---------- Input data

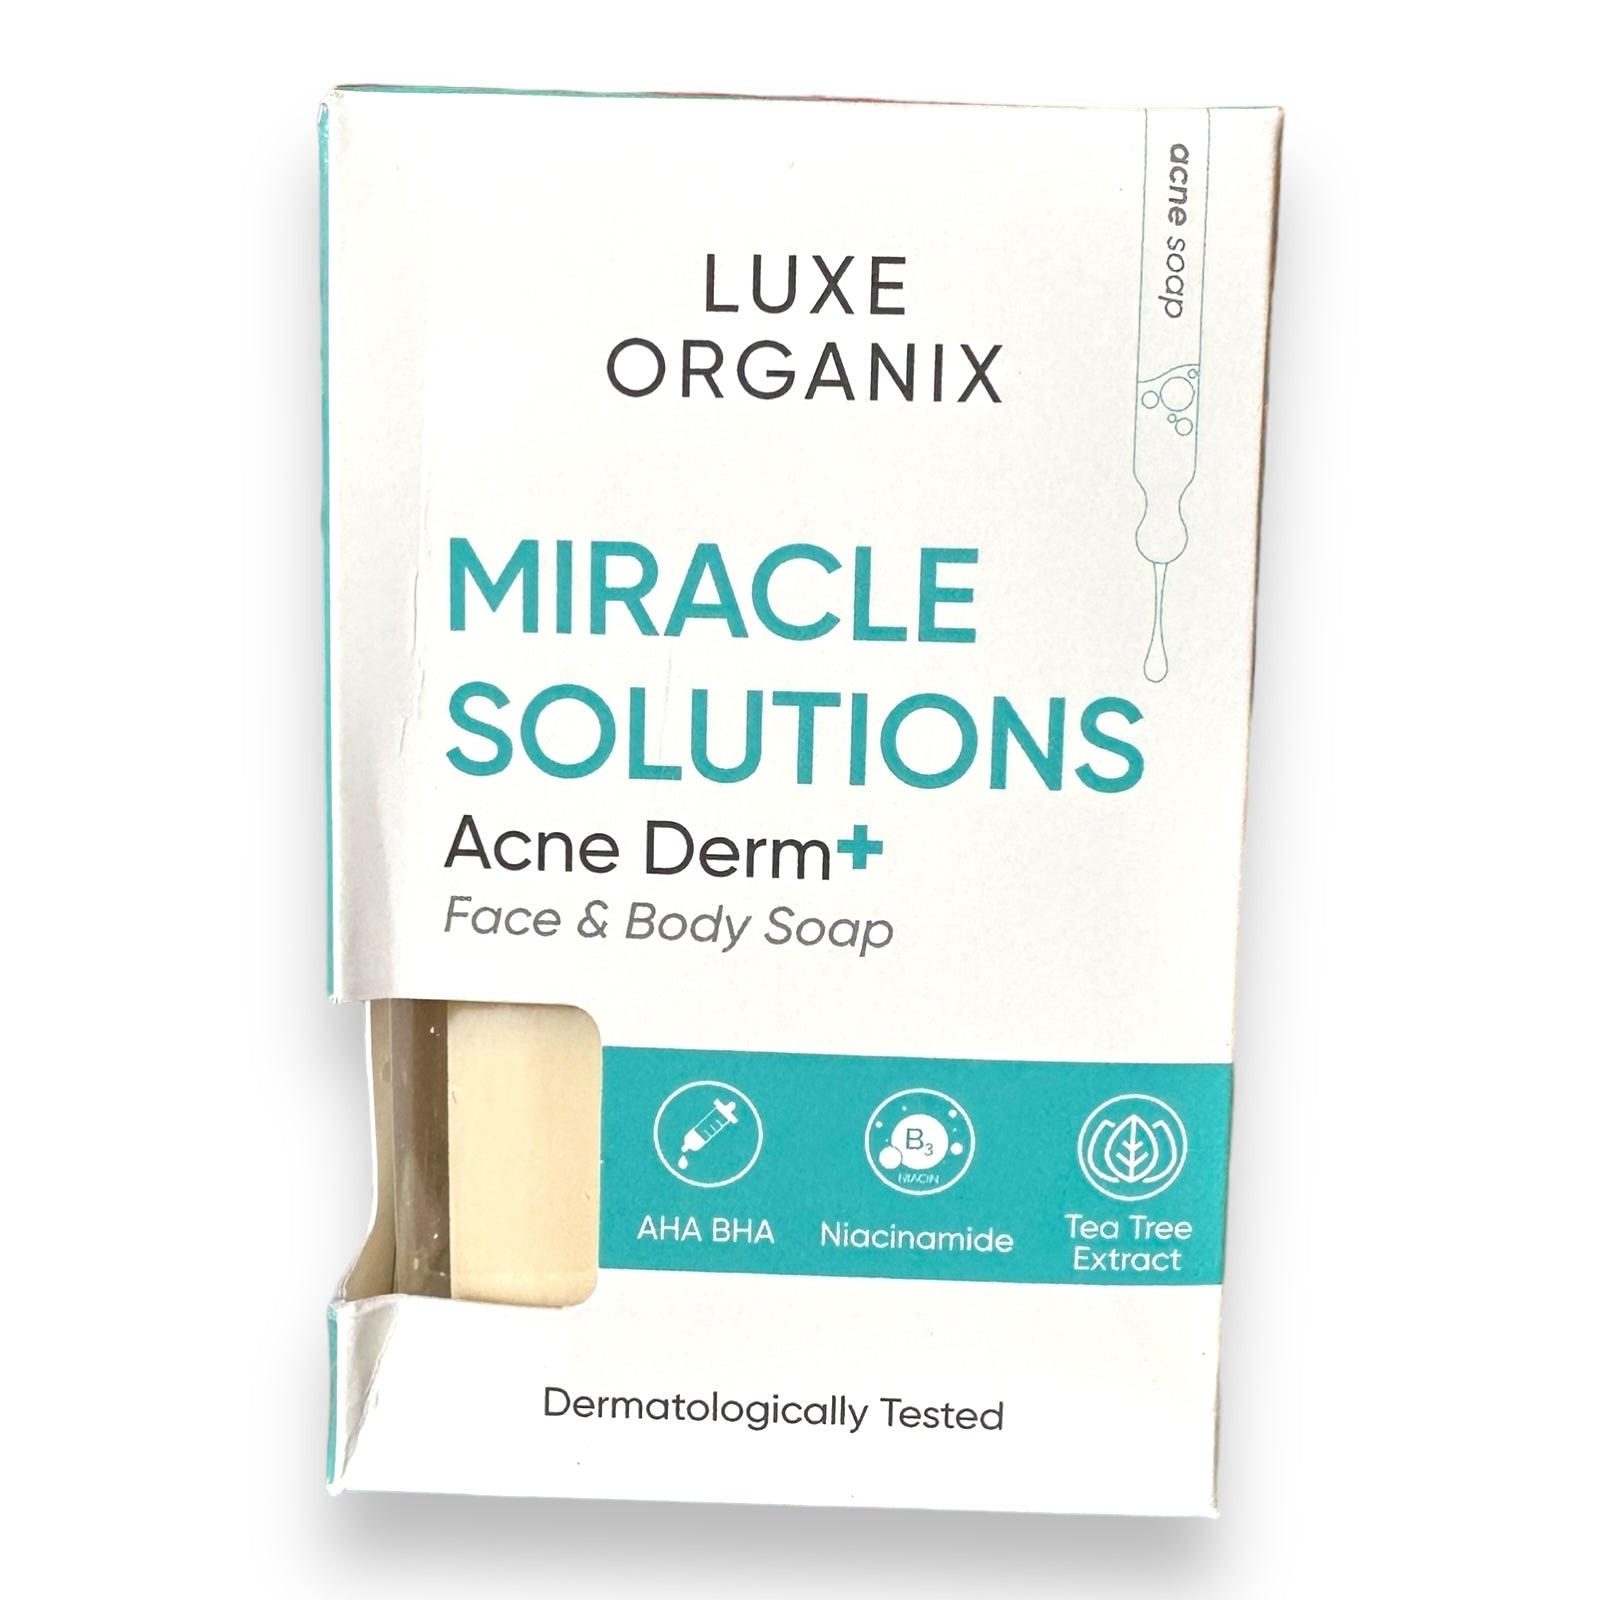 Luxe Organix - Miracle Solutions Acne Derm - Face and body Soap 135g
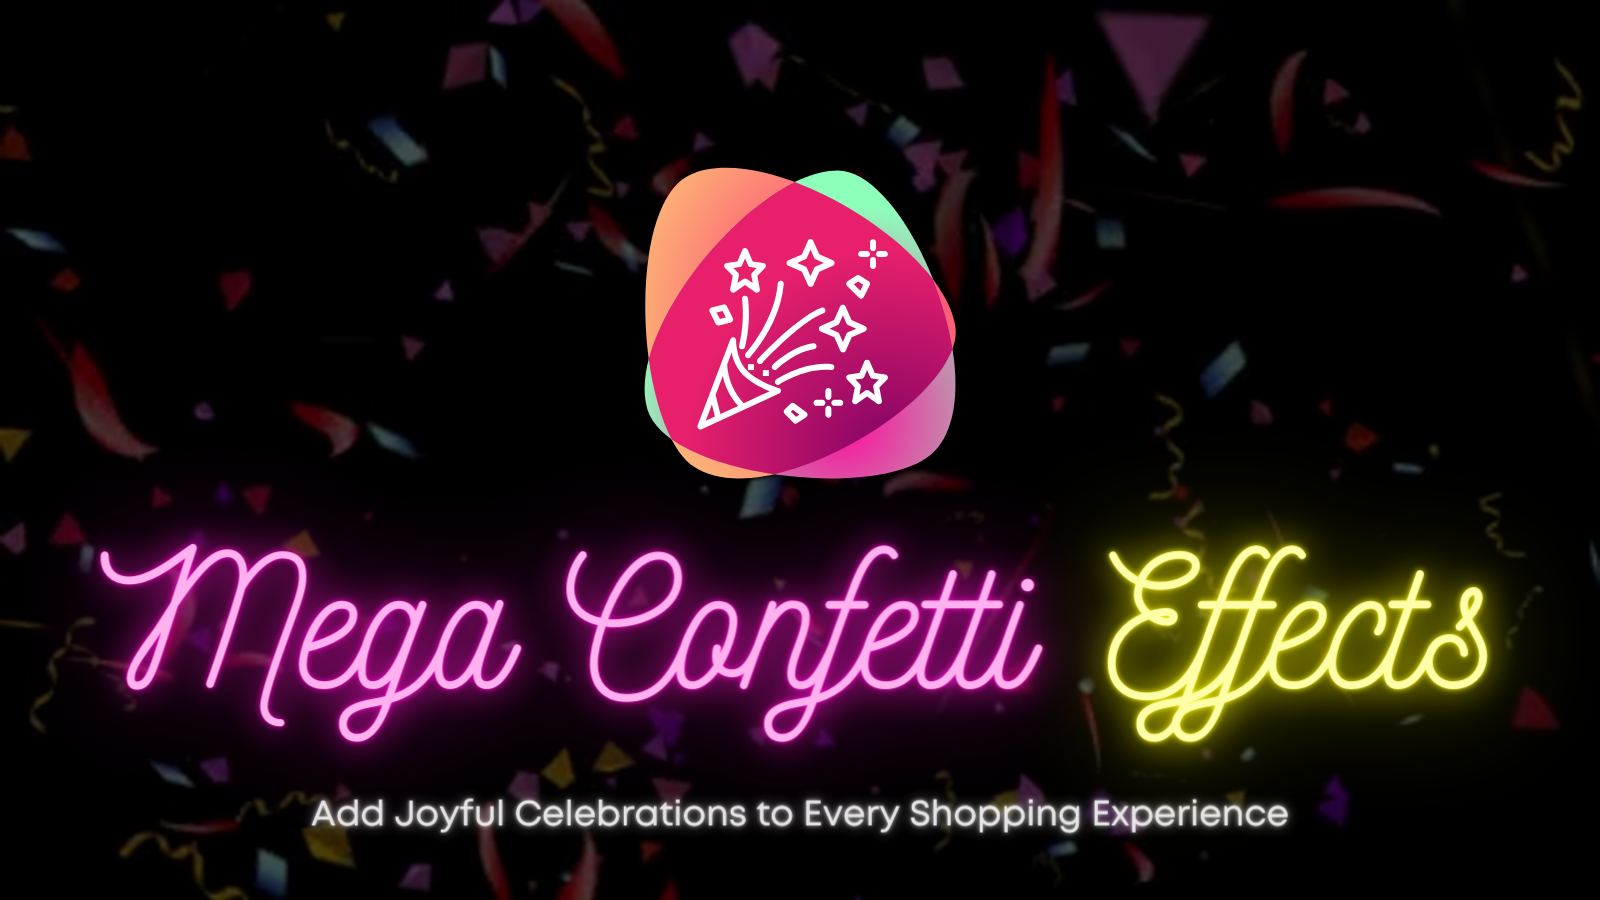 Mega Confetti Effects Enchant your store with dazzling confetti!
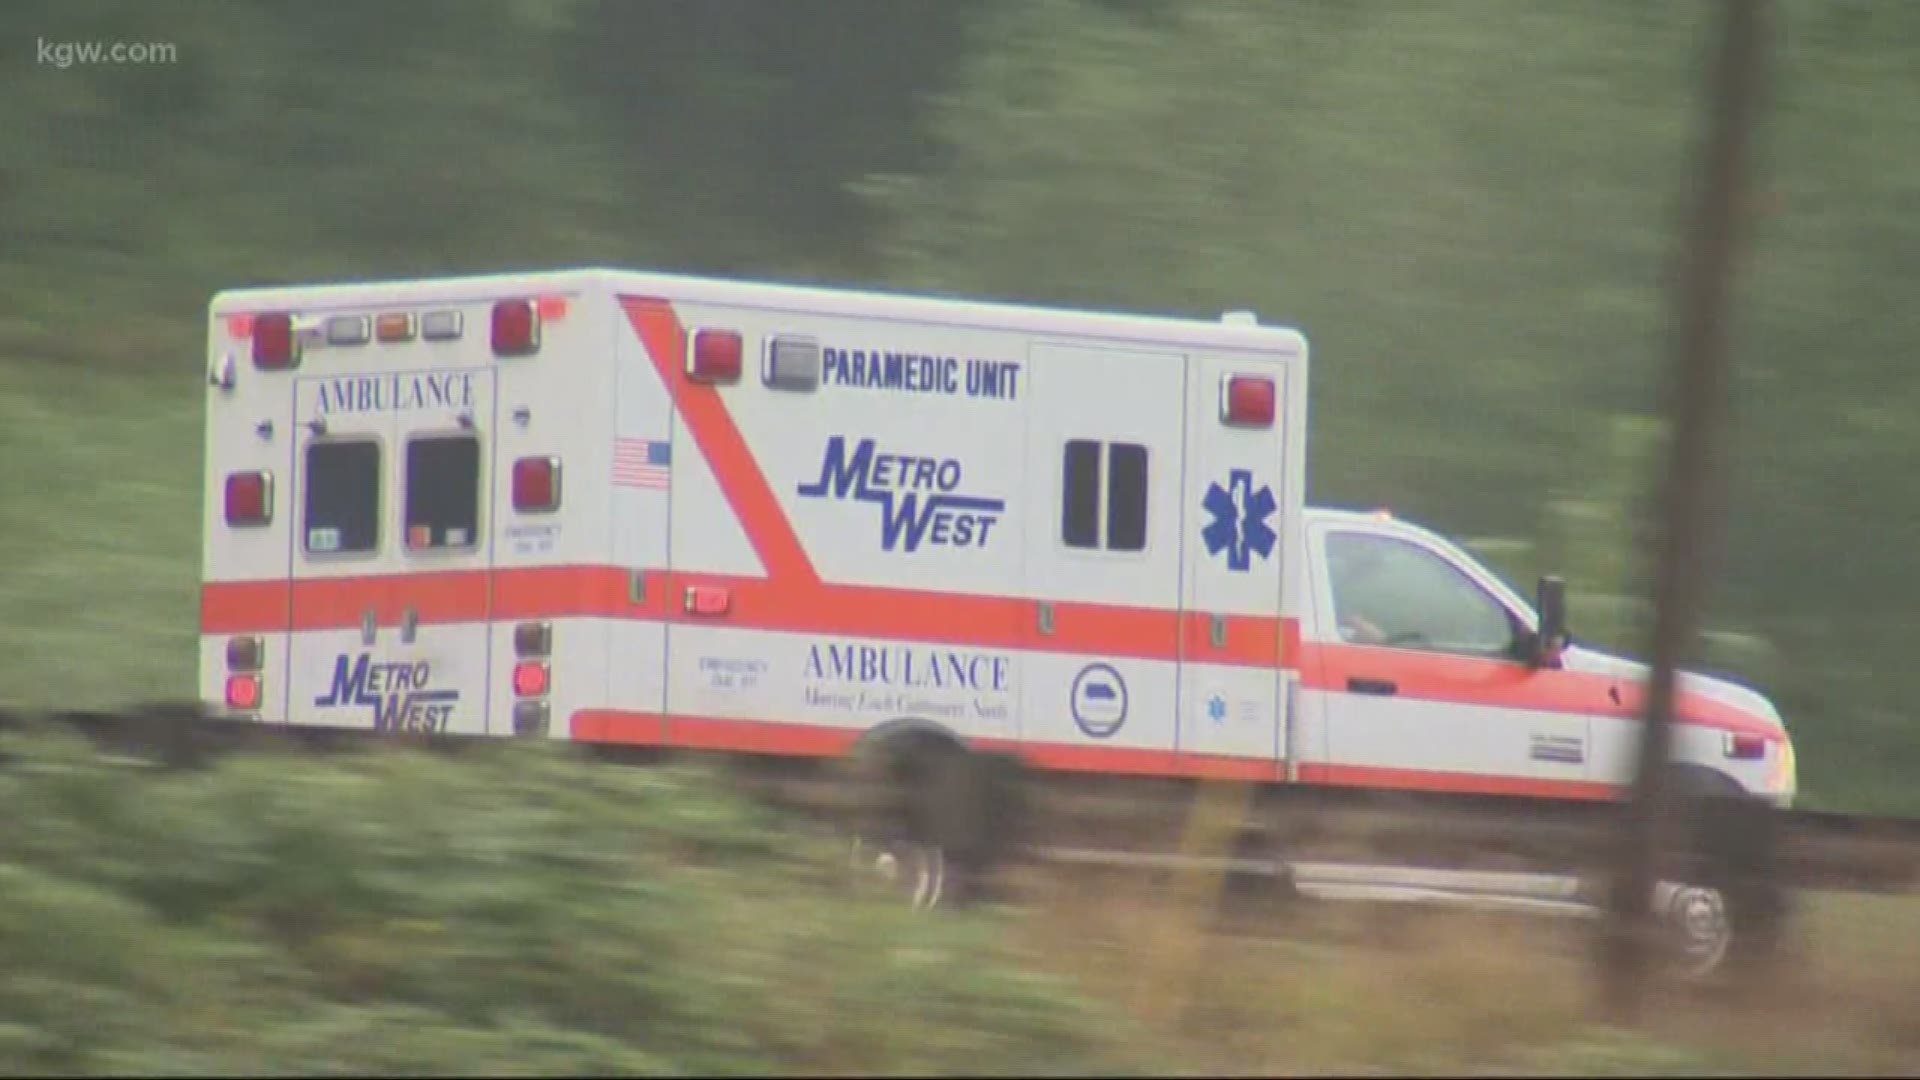 Two Washington County sheriff's deputies were shot Thursday afternoon in a remote stretch near Hagg Lake.  Andrew Cooper, a supervisor with Metro West ambulance, said his crews didn't think twice about responding. "We do it because we love what we do and we want to help everyone."

--------------------

> **Required action**
Give back the listing word for word, minus its images.

> **Task answer**
 Luxe Organix - Miracle Solutions Acne Derm - Face and body Soap 135g
 Mega Confetti Effects Enchant your store with dazzling confetti!
 Two Washington County sheriff's deputies were shot Thursday afternoon in a remote stretch near Hagg Lake.  Andrew Cooper, a supervisor with Metro West ambulance, said his crews didn't think twice about responding. "We do it because we love what we do and we want to help everyone."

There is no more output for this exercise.